O, por decirlo de otro modo: la extrema fragilidad de todo. Una lluvia que cae o no cae, unas langostas que pasan en manada, un comerciante que acapara y aumenta son la diferencia entre la vida y la muerte de docenas, miles. La riqueza es tener opciones, un cierto respaldo: no vivir siempre a punto del desastre. Moverse en un terreno ancho, donde hay incluso lugar para caerse, donde incluso caído estás en algún lado; la miseria es vivir en un filo: cualquier caída es despeñarse.

Llevaba días sin ver a nadie con un reloj en la muñeca. Ahmad tiene uno grande, digital, cuadrado, pesado, metálico, estridente en la derecha: lo mira de tanto en tanto de reojo, como para estar seguro de que sigue allí, como para que yo vea que lo mira, que lo tiene: que es hombre con reloj. Que la hora —no el tiempo sino ese modo de medirlo en horas— importe es un cambio fuerte en una cultura: campesinos que llevan siglos midiendo sus tiempos sin relojes de pronto tienen que enfrentarse a nuevas situaciones —donde la hora es un dato. Y les gusta, por supuesto, mostrarlo: presumir.

Ahmad tiene 28 años y la primaria completa: lee, escribe, hace cuentas. También tiene una mujer, tres hijos, un padre, una madre, tres hermanos, cuatro hermanas, multitud de sobrinos; entre todos tienen tres terrenos de una hectárea, dos de una hectárea y media, uno de dos: ocho hectáreas —entre cuatro varones— que lo hacen más rico que casi todos sus vecinos.

—Pero no se crea, jefe. A mí nadie me regala nada. Yo me parto el lomo.

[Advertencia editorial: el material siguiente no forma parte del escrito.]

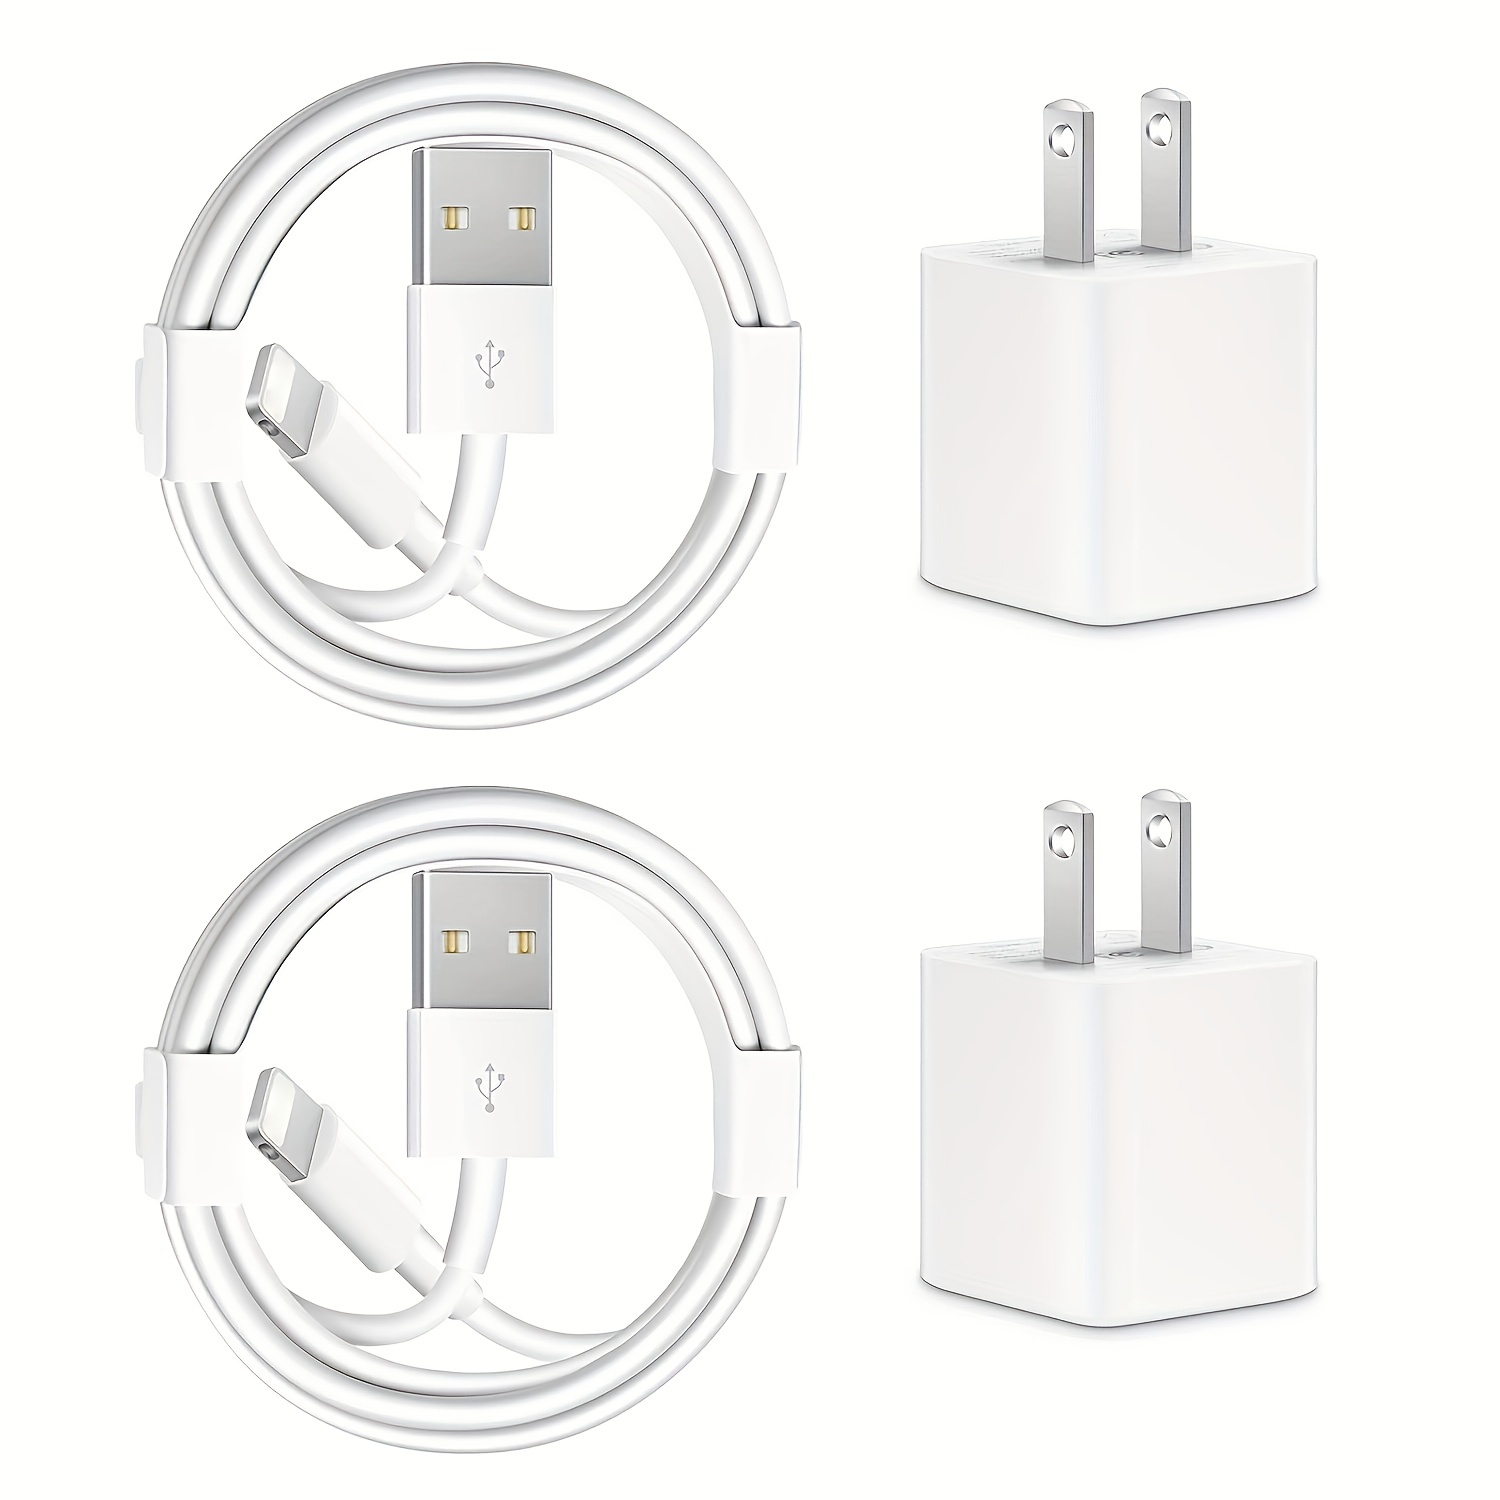 iPhone 14 13 Chargeur Rapide [MFi Certifié], 20W USB C Chargeur avec Câble  iPhone Apple Original 2M,Type C Adaptateur Secteur pour Apple iPhone 14  Plus/13 Pro Max/12 Mini/11 Pro/XR/XS/SE/8/7/6s/iPad en destockage et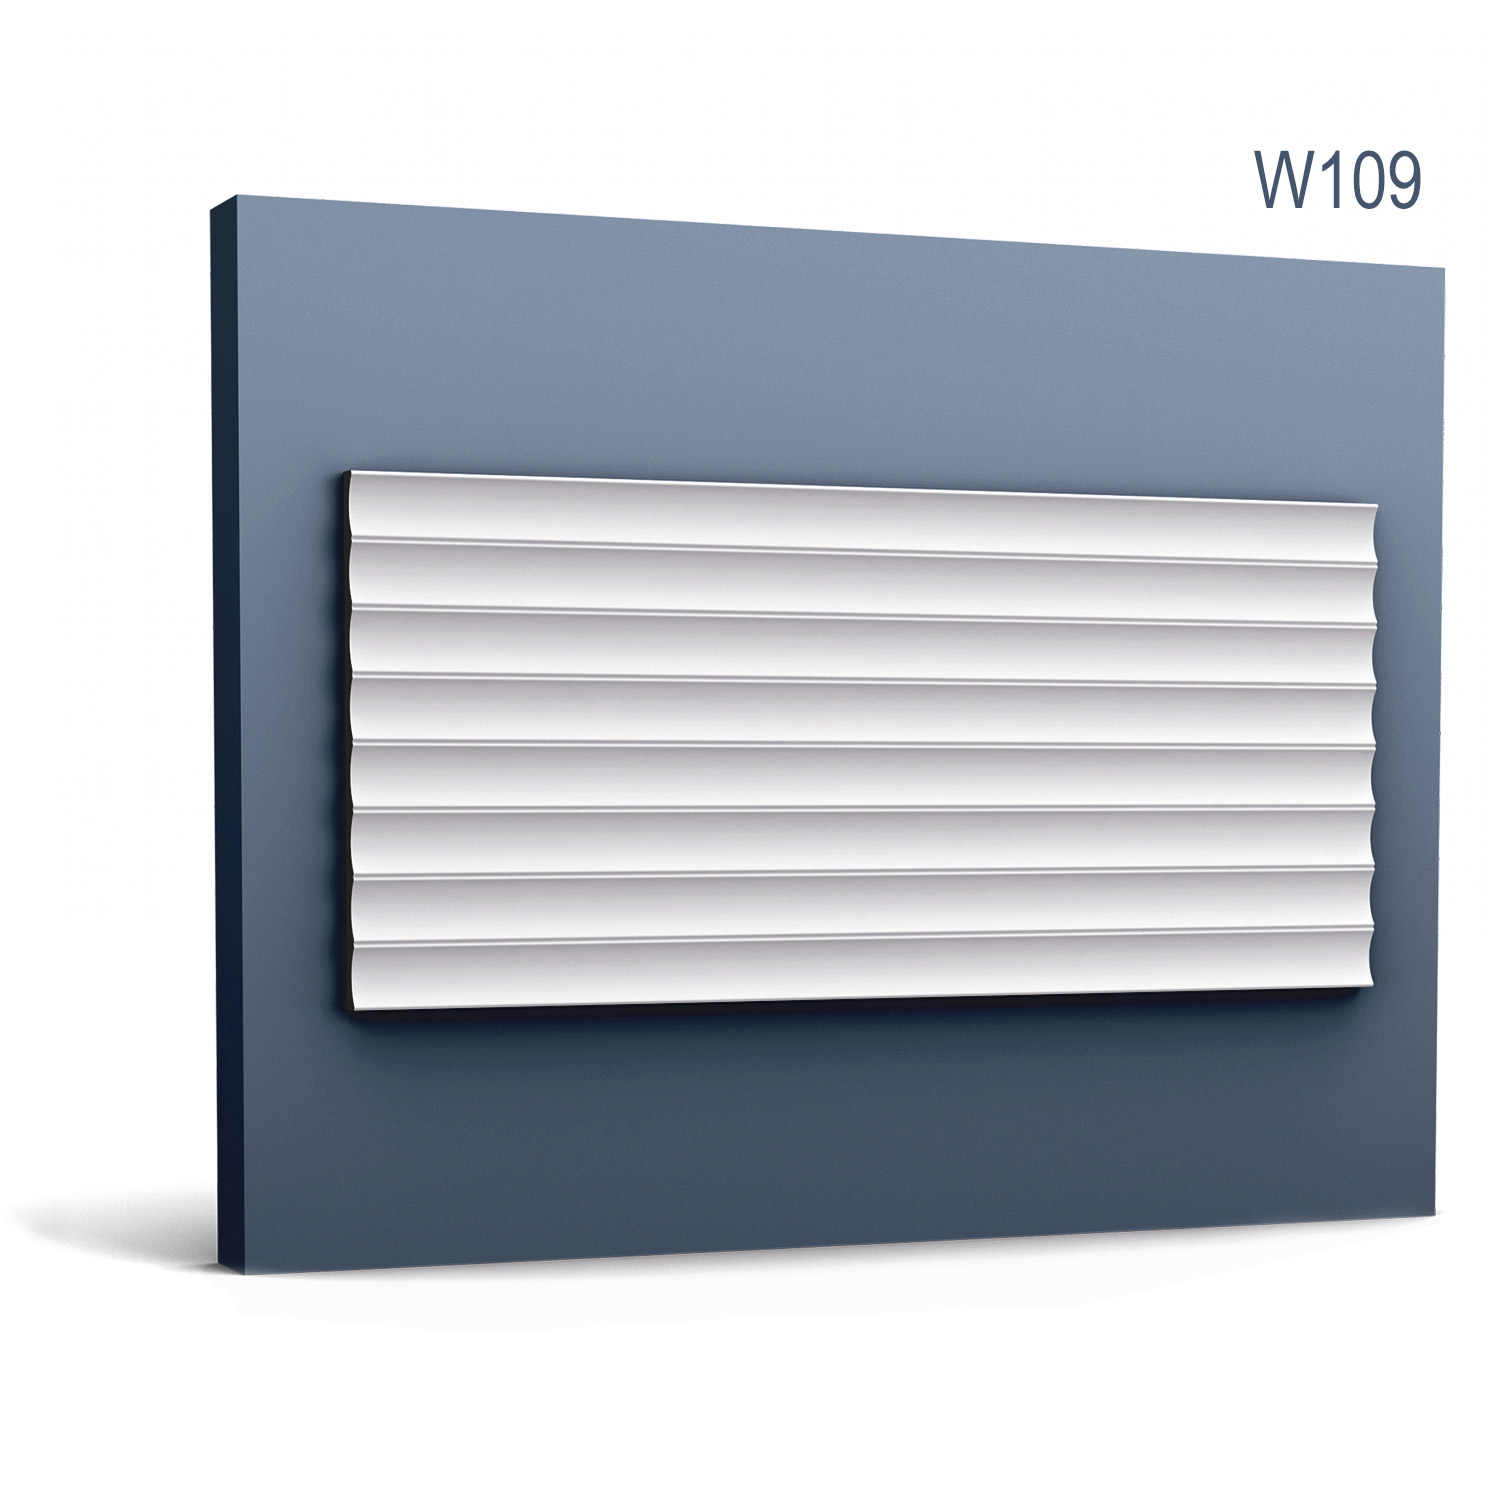 Panel Modern W109, Dimensiuni: 200 X 25 X 1.3 cm, Orac Decor

Ahmad trabaja con su padre y dos de sus hermanos. Es un proceso largo: en abril, antes de plantar, queman el campo para remover los yuyos y preparar la tierra, ya tan exhausta por años y años de exigencias. Después viene lo más laborioso: abrir los surcos con esos palos largos con una pequeña cuchilla en la punta que son el instrumento de labranza más difundido por aquí: un palo, un hombre abriendo la corteza de la tierra. En mayo, antes de que llueva, echan las semillas: es lo que se llama plantar en seco. Entonces no abonan porque no saben si va a llover o no, si las plantas van a prender o no, y no pueden desperdiciar abono en esperanzas. Dos o tres semanas después, si llovió, empiezan a salir los brotes; es el momento de sacar las hierbas malas con el palo o la azada y abonar. El abono está muy caro: solía ser bosta del ganado, pero ya no quedan tantas vacas porque cada vez hay menos tierra desocupada para que pastoreen los transhumantes. Así que ahora hay que comprarlo: tienen que cuidar mucho cómo lo reparten. Y un mes después vuelven a desmalezar y poner más abono, si quedó, y esperar un mes y medio o dos y rezar por que llueva cuando tiene que llover y que no lleguen los gorriones o los grillos a comerse todo. Y entonces, por fin, cosechar, ir armando los hatos. Y así en cada campito, con sus distancias, sus peleas, sus cabras que algún pastor lleva a pastar, sus calores tremendos, sus sequías. Son muchas horas cada día, ocho, diez horas al rayo del sol con la única pausa del mediodía para rezar y comerse la bola que la mujer les lleva.

—¿Cansa mucho?

—Cansa.

—Y te deja mucho tiempo para pensar…

—Sí, mucho. Podés pensar todo muchas veces.

—¿En qué pensás?

—Lo que más pienso, lo que pienso todo el tiempo es ay cuándo voy a terminar, cuánto me falta. Y muchas veces pienso que alguna vez tengo que conseguir la plata para comprarme un arado y una yunta de vacas o un camello para que tiren del arado. Entonces mi trabajo va a ser mucho más fácil…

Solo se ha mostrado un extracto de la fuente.